Brentano's Intentionality

For Brentano, intentionality is the exclusive to the realm of the mental. This means that for any mental phenomena to occur, it must be directed toward some object, either mental or physical. For instance, if I recall a mental phenomena of sadness this morning, I can point to the mental phenomena of say, my parents as the object my mental phenomena of sadness was direct toward. In this, Brentano isn’t necessarily seeking to establish a substance dualism between the mental and the physical, but to demarcate the realm of the mental to build a ground upon which an empirical psychology can build.
However, his concept of intentionality raises a question: for any mental phenomena to be direct toward an object, does that require the mind to be presently conscious of the object? Suppose I have a general, pervasive feeling of anxiety, and I can’t pin down any specific trigger or mental or physical phenomena that my feeling of anxiety is directed toward. Does intentionality still work in this scenario? Hereafter, I will clarify Brentano’s theory in discussing that one does not necessarily need to be conscious of an object that a mental phenomena is directed toward in order for it to be a content of a mental phenomenon. I will also speculate on the possibility of how anxiety can be viewed under the frame of intentionality.

The key distinction for Brentano is between inner observation and inner perception. Inner observation requires adding on an additional mental act of observation directed toward the mental phenomena being observed, which has its own content. According to Brentano, we can never directly observe the object of inner perception as it is occurring. Inner perception, on the other hand, isn’t entirely another mental phenomena separate from the initial, but is part of the mental act itself. The mental act is primarily directed toward a mental or physical phenomena as its object, and secondarily directed toward itself. For instance, in the seeing of a car, the physical phenomena of “car” is the primary object of my perception, and my awareness of my seeing is the secondary object, I am aware of the medium of my perception. Yet sometimes the primary content of the mental phenomena is so great that it overshadows the presence of the secondary.

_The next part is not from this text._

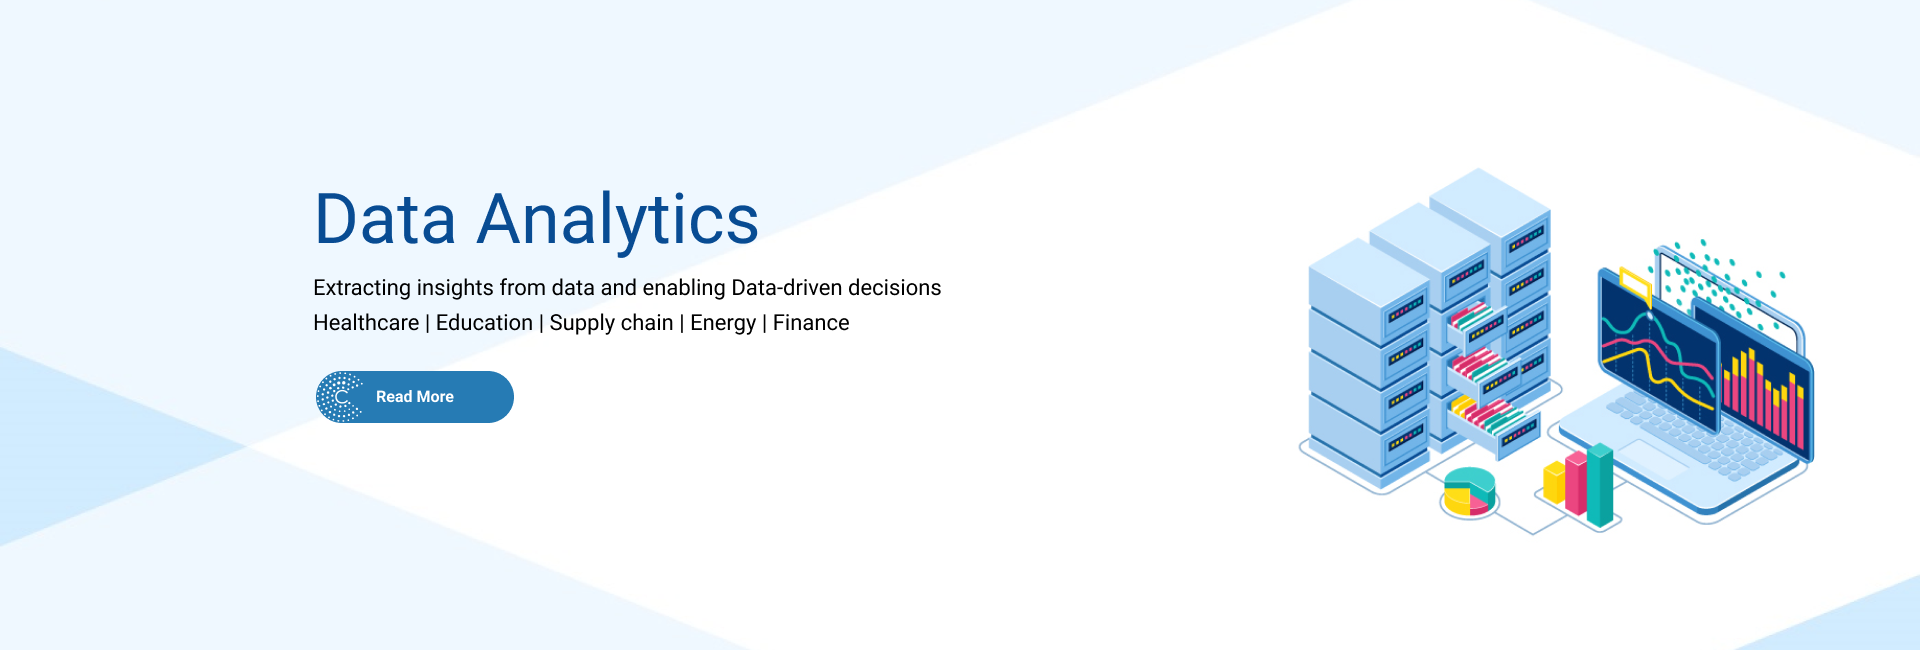 Data Analytics - Extracting insights from data and enabling Data-driven Decisions - Healthcare, Energy, Education, Transportation

Under this view, we can become conscious of the objects of our mental acts, but not as they presently occur. We must rely on “memory and inner observation” after the act, whether posthaste just after a moment, or much longer after. Therefore, there is always an object of our mental acts for Brentano, independent of whether or not we direct our attention to those mental acts occurring.

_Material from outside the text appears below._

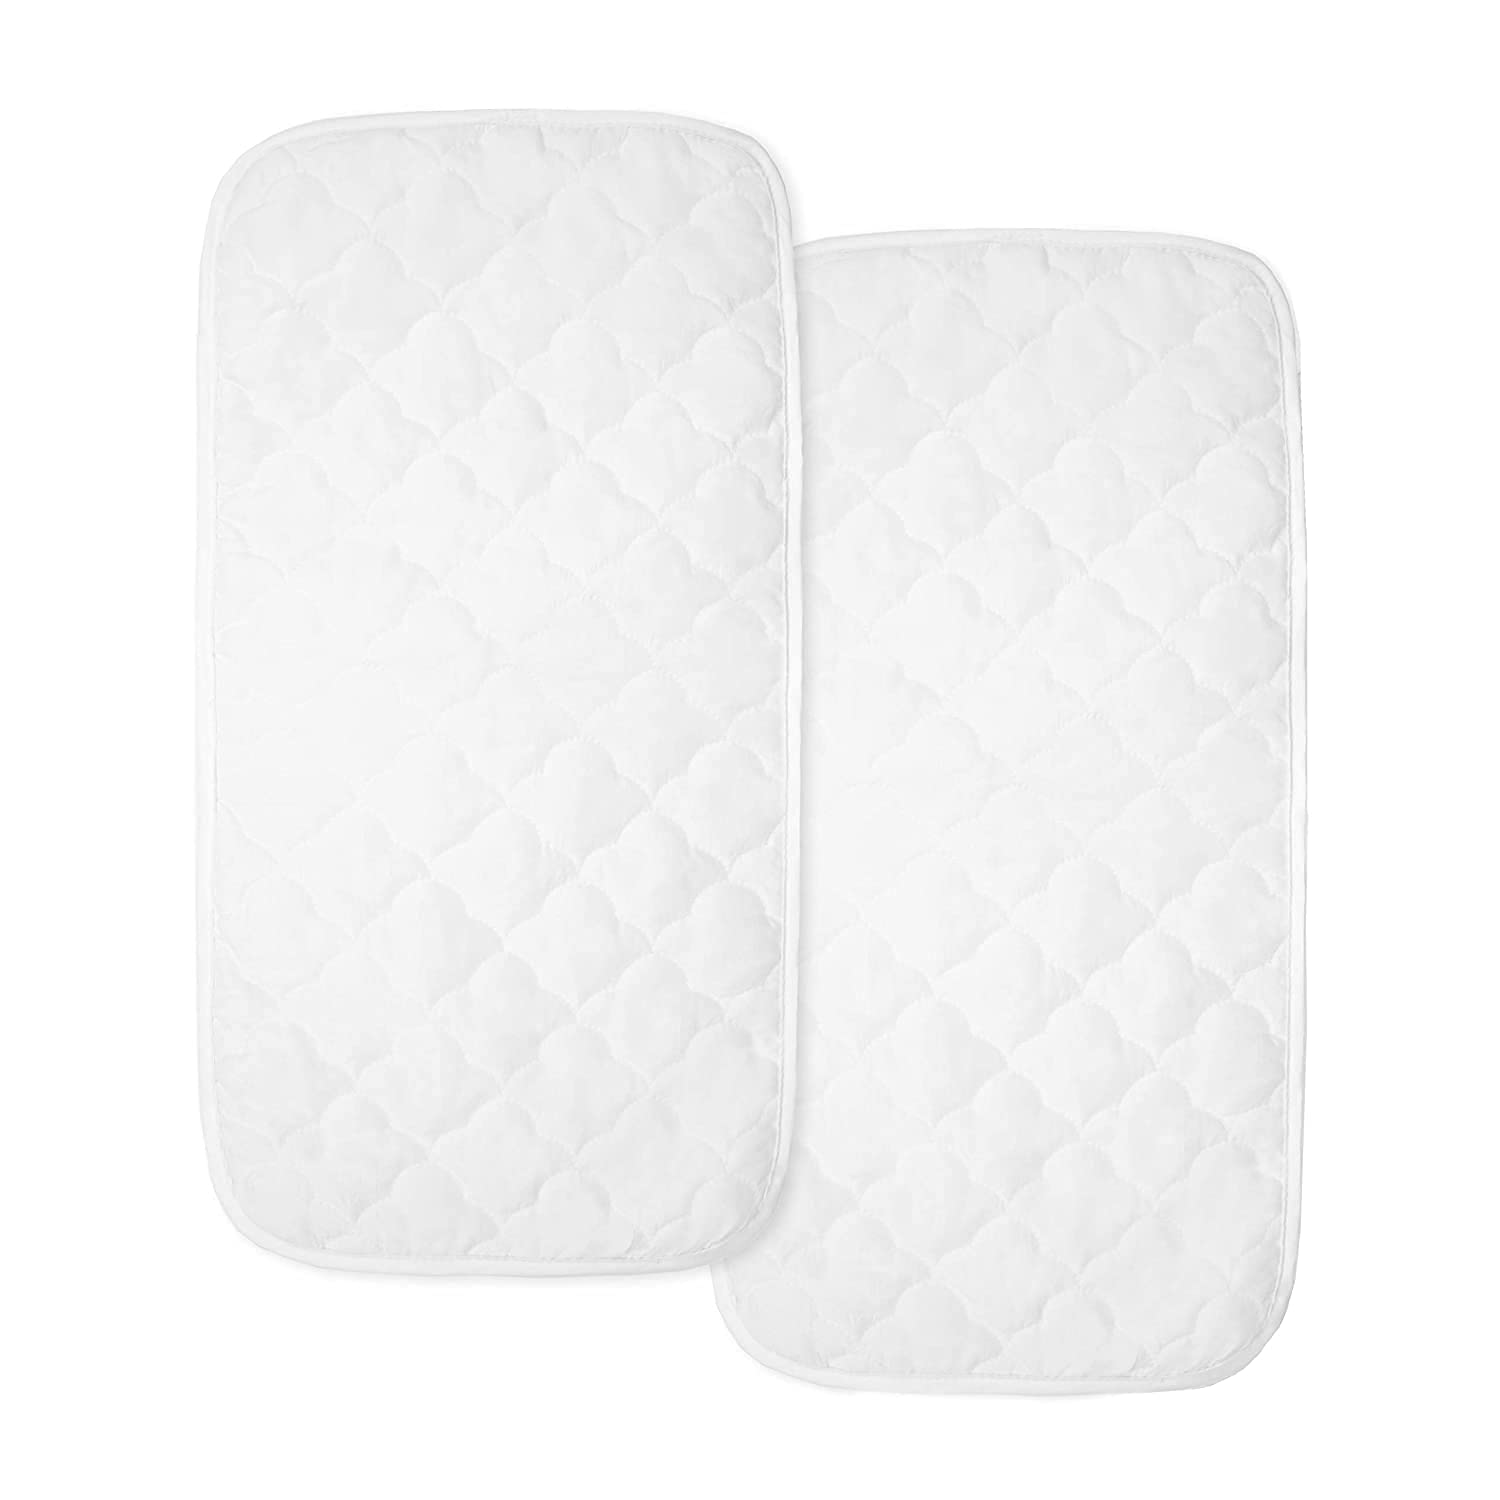 American Baby Company Changing Table Cover Set, 100% Cotton Fitted Changing Table Pad Cover Sheet (2 Pack) and Waterproof Changing Table Pad Liners (2 Pack), for Boys and Girls

In pondering on how a feeling of generalized anxiety could be explained under Brentano’s view of intentionality, I concluded that it could be that a general feeling of anxiety could be a mental act directed toward several objects, gradually compounded phenomenon that might amplify that feeling of anxiety, making it much more difficult to observe the object(s) that are the content of such mental phenomena. It is not without serious and attentive introspection after the fact, or some strong training in the ability to coax and calm oneself out of an anxious state while in the midst of it, that one can begin pinpointing the object(s) of one’s anxiety.